## Assigned task
Write out the line that holds "EnduroCross This Weekend at McElroy" together with every line that follows it to the end of the material below, exactly. Omit the pictures.

## Source data
Content starts
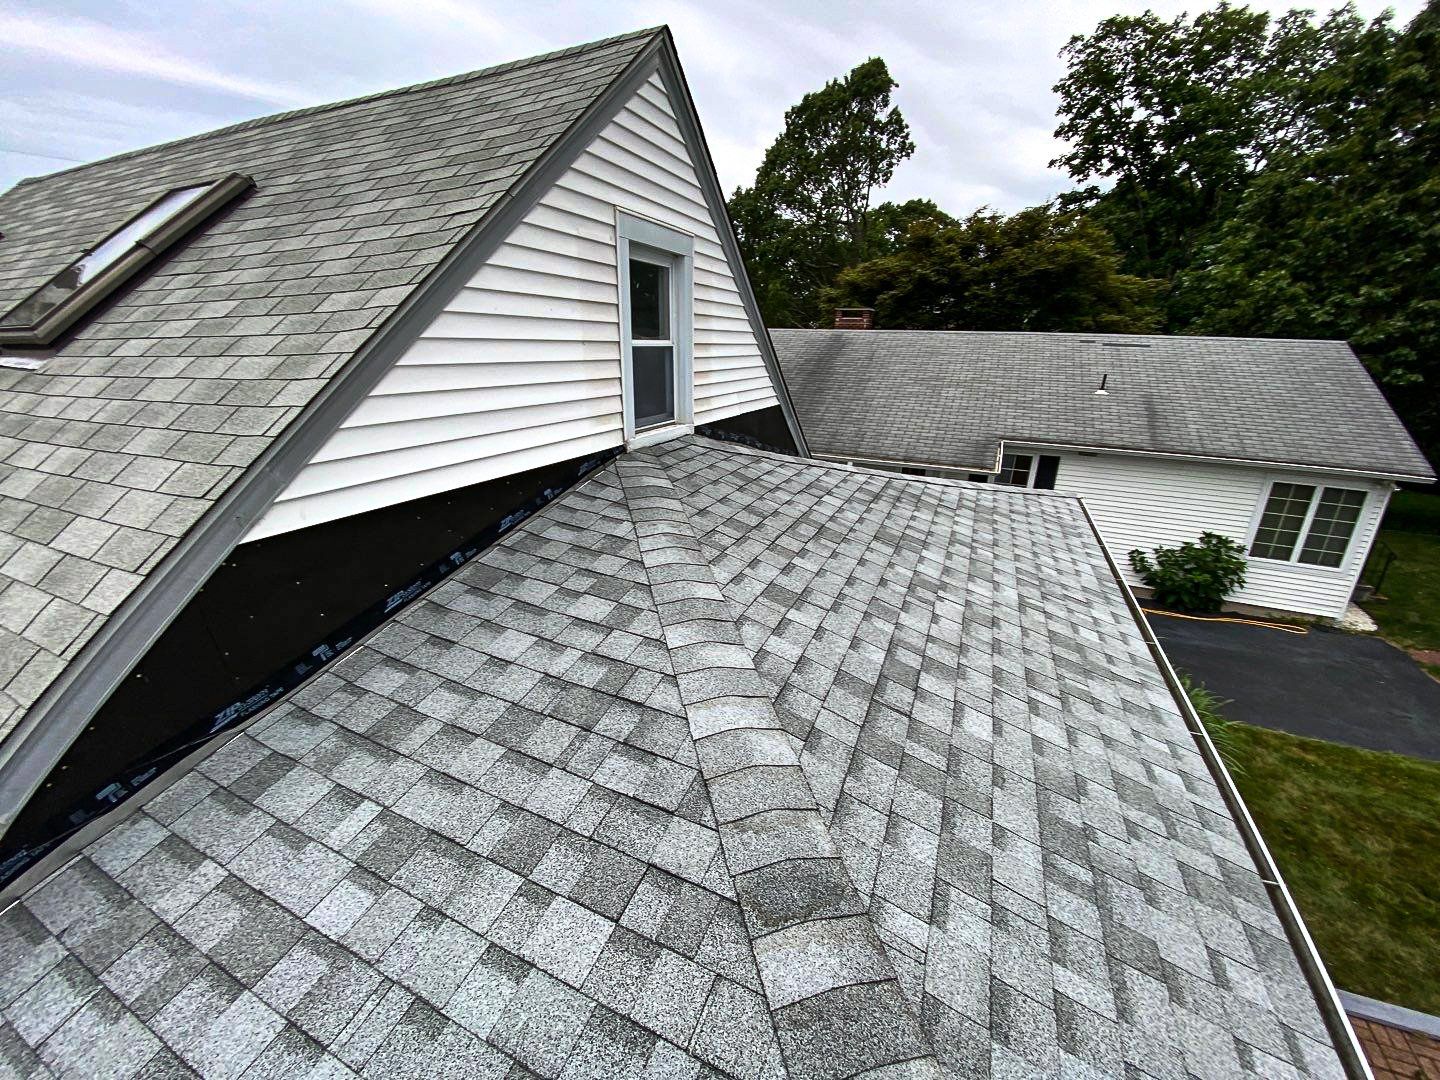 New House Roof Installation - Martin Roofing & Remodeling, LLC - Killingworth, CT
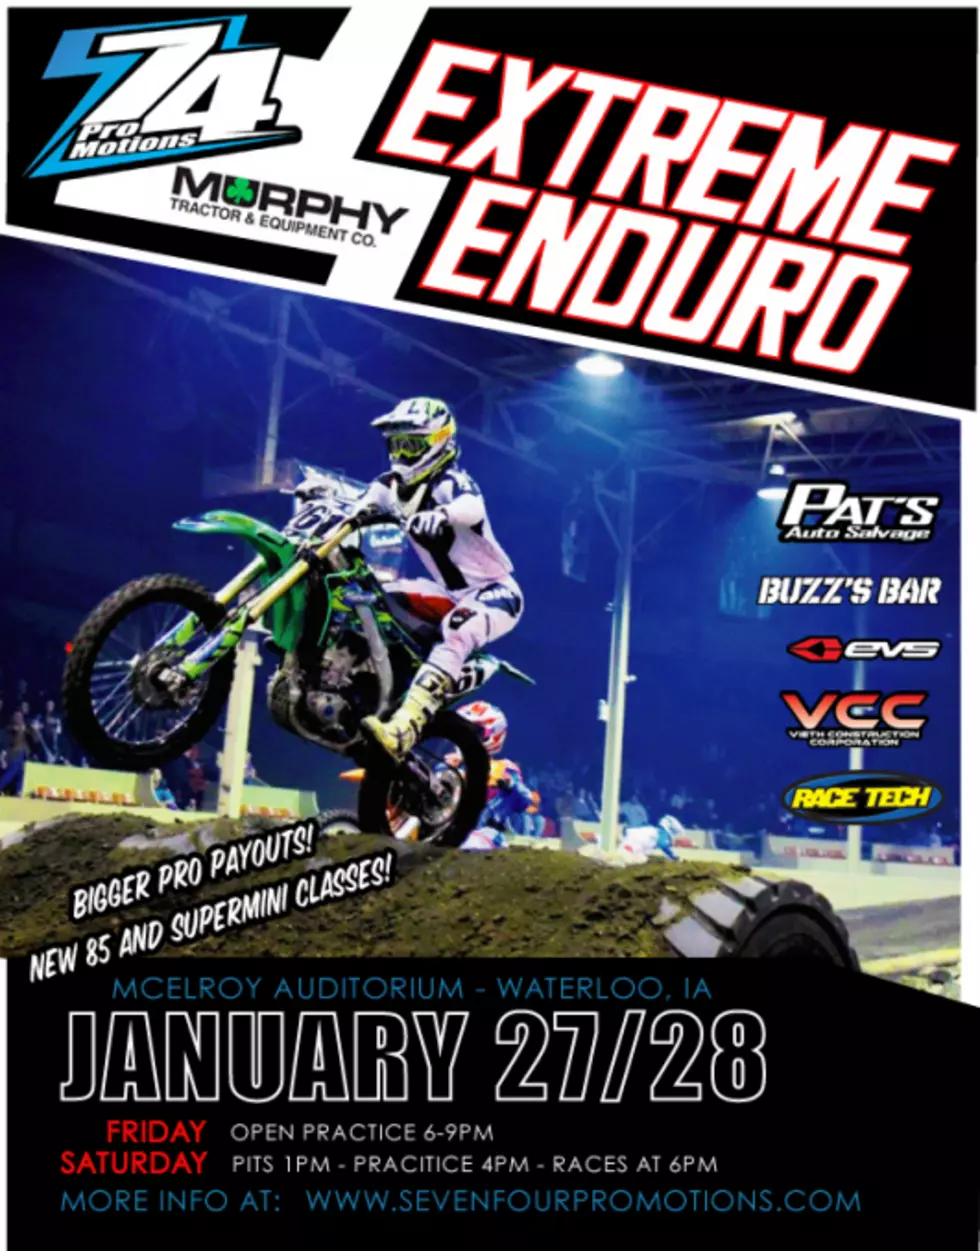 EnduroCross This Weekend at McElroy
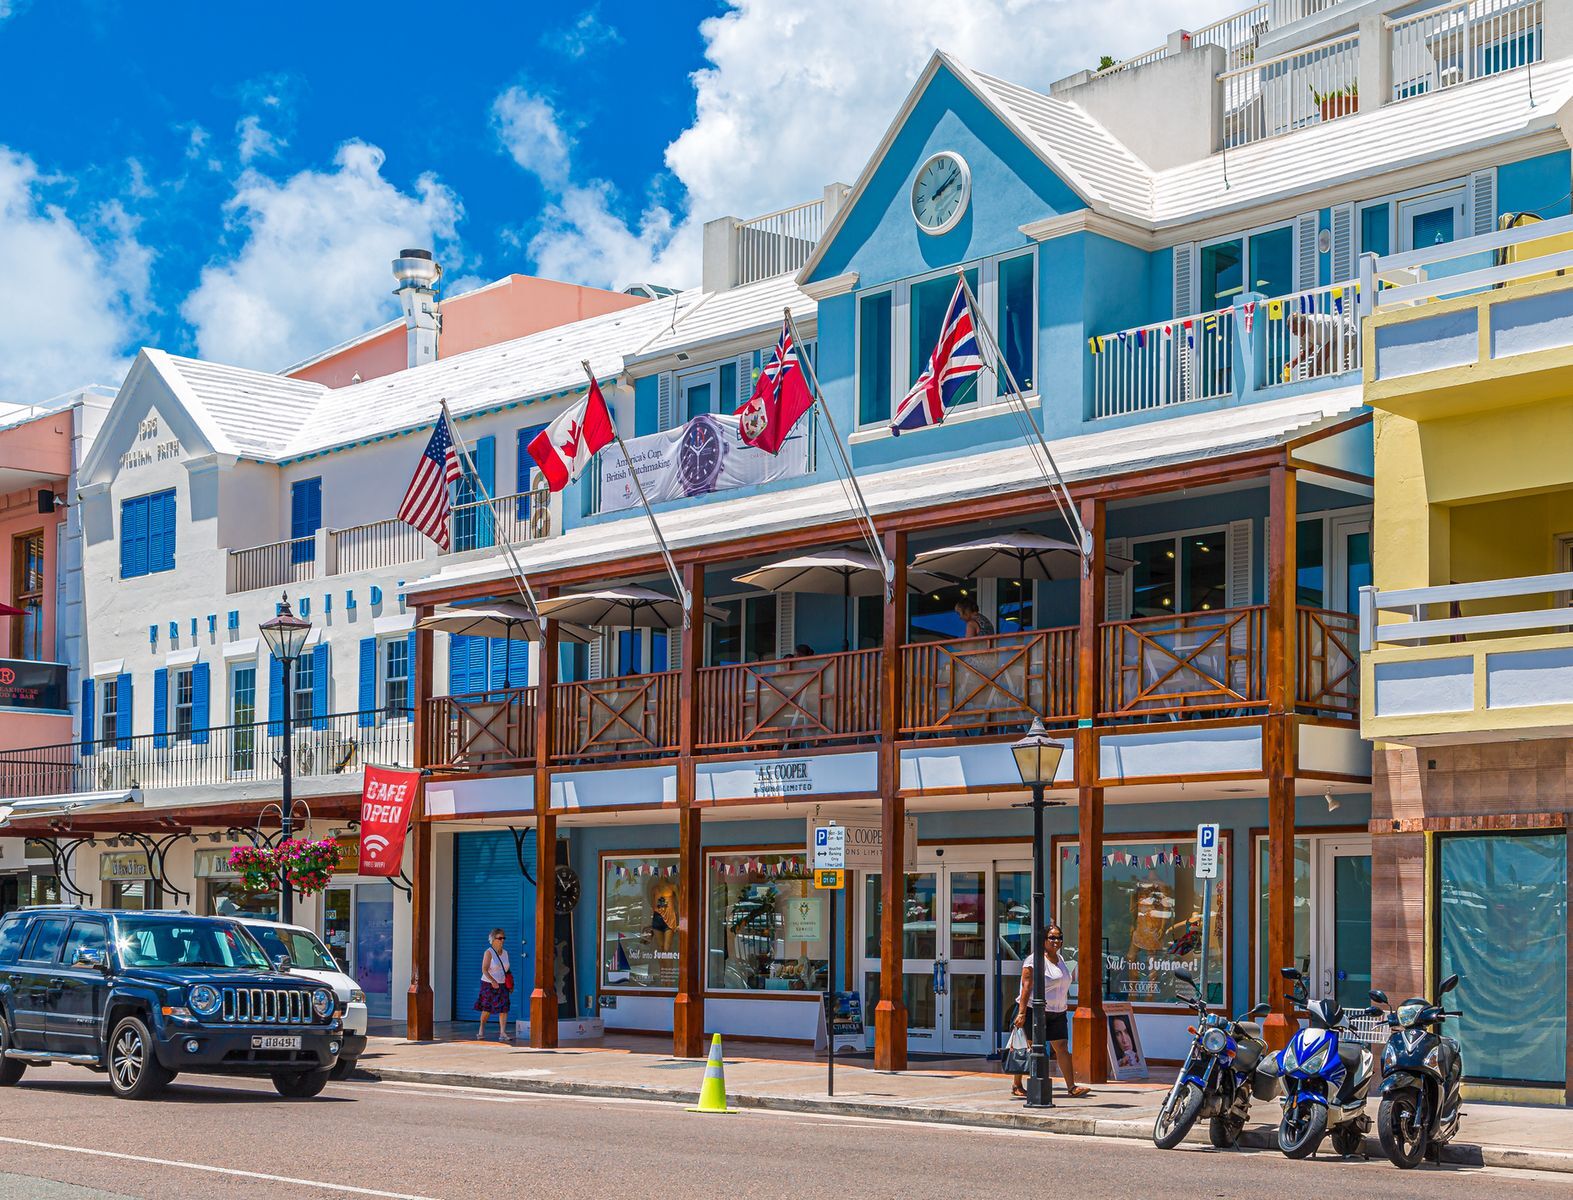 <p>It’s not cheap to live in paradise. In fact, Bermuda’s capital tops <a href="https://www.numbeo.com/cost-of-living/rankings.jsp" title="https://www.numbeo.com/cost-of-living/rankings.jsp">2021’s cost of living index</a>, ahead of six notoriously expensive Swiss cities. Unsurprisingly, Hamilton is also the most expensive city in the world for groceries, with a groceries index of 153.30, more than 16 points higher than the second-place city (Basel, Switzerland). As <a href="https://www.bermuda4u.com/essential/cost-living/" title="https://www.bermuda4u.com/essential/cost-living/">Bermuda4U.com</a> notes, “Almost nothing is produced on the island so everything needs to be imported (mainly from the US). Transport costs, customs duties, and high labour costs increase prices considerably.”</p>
Content ends
## Reply
 EnduroCross This Weekend at McElroy
 <p>It’s not cheap to live in paradise. In fact, Bermuda’s capital tops <a href="https://www.numbeo.com/cost-of-living/rankings.jsp" title="https://www.numbeo.com/cost-of-living/rankings.jsp">2021’s cost of living index</a>, ahead of six notoriously expensive Swiss cities. Unsurprisingly, Hamilton is also the most expensive city in the world for groceries, with a groceries index of 153.30, more than 16 points higher than the second-place city (Basel, Switzerland). As <a href="https://www.bermuda4u.com/essential/cost-living/" title="https://www.bermuda4u.com/essential/cost-living/">Bermuda4U.com</a> notes, “Almost nothing is produced on the island so everything needs to be imported (mainly from the US). Transport costs, customs duties, and high labour costs increase prices considerably.”</p>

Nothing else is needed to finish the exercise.